Databricks Configuration
| Field | Description |
|---|
| Service Type | Must be Databricks |
| Host URL | Databricks workspace URL (e.g., https://<region>.azuredatabricks.net) |
| Token | Personal Access Token (PAT) for API authentication |
| Cluster ID | Target cluster where jobs will run |
| Database Name | Target database within the Databricks environment |
| Schema Name | Schema (if applicable) |
| Table Name | Destination table to store metadata |
| Path (Optional) | DBFS path or external location (if exporting to files instead of a table) |
Requirements
- The token must have workspace-wide read/write access.
- The cluster must have access to the target database or mount location.
Trino Configuration
Available from version 1.12.3
| Field | Description |
|---|
| Service Type | Must be Trino |
| Username | Trino user login with sufficient privileges |
| Password | User password for Basic Authentication (or use JWT) |
| Host and Port | Fully qualified hostname and port number for your Trino deployment |
| Catalog | Trino catalog where the target database is stored |
| Database Name | Target database within the Trino catalog |
| Schema Name | Target schema (optional, restricts to a single schema) |
| Table Name | Destination table to store exported metadata |
Authentication Options
- Basic Auth: Username and password
- JWT Auth: Provide JWT token for authentication
- Azure: Client ID, Client Secret, Tenant ID, and Scopes for Azure AD authentication
Ensure the Trino user has SELECT and INSERT privileges on the target table and schema.
Export Range
Defines the temporal scope of the data to be exported.
| Field | Description |
|---|
Range Type (exportRange.rangeType) | Options: ALL, LATEST, or DATE_RANGE |
Interval (exportRange.interval) | Used with DATE_RANGE (e.g., 7) |
Unit (exportRange.unit) | Time unit for the interval (e.g., days, hours) |
| Event Types | Select which types of DQ events to export (All, or specific types) |
| Backfill | Enable to process historical data on first run |
Table Configuration
Specifies the target table where exported metadata will be written.
| Field | Description |
|---|
Database Name (tableConfiguration.databaseName) | e.g., OBS_ANALYTICS |
Schema Name (tableConfiguration.schemaName) | e.g., OBS_DATA |
Table Name (tableConfiguration.tableName) | e.g., COLLATE_METADATA |
Scheduling
Configure how often the metadata export runs:
- Manual: Click
Run Now on the Schedule tab.
- Scheduled: Set up periodic exports (feature roadmap).
Monitoring Runs
Under the Recent Runs tab:
- View status: Success or Failed.
- Check run time, duration, logs, and the configuration used.
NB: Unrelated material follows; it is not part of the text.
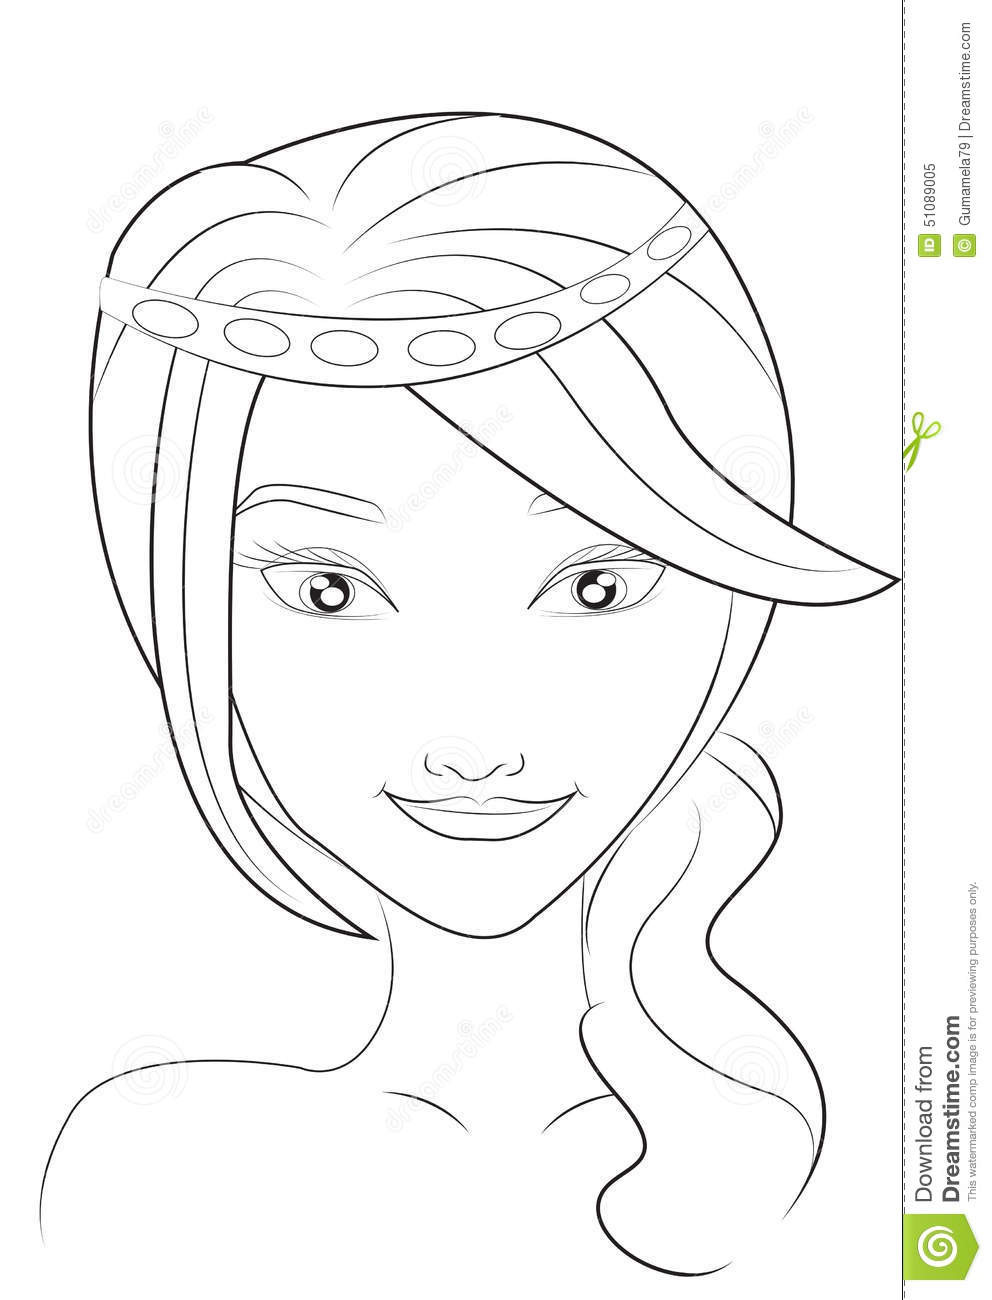 Coloring Pages Of Girls Faces
 Girl s face coloring page stock illustration Illustration

A successful export shows Status: Success, with details on execution duration and timestamps.
| Key | Description |
|---|
exportRange.rangeType | Defines range (ALL, LATEST, DATE_RANGE) |
exportRange.interval | Interval number for DATE_RANGE |
exportRange.unit | Time unit (days, hours) |
eventTypes | Event types to export |
Backfill | Boolean, historical data processing |
tableConfiguration.databaseName | Target DB |
tableConfiguration.schemaName | Target schema |
tableConfiguration.tableName | Target table |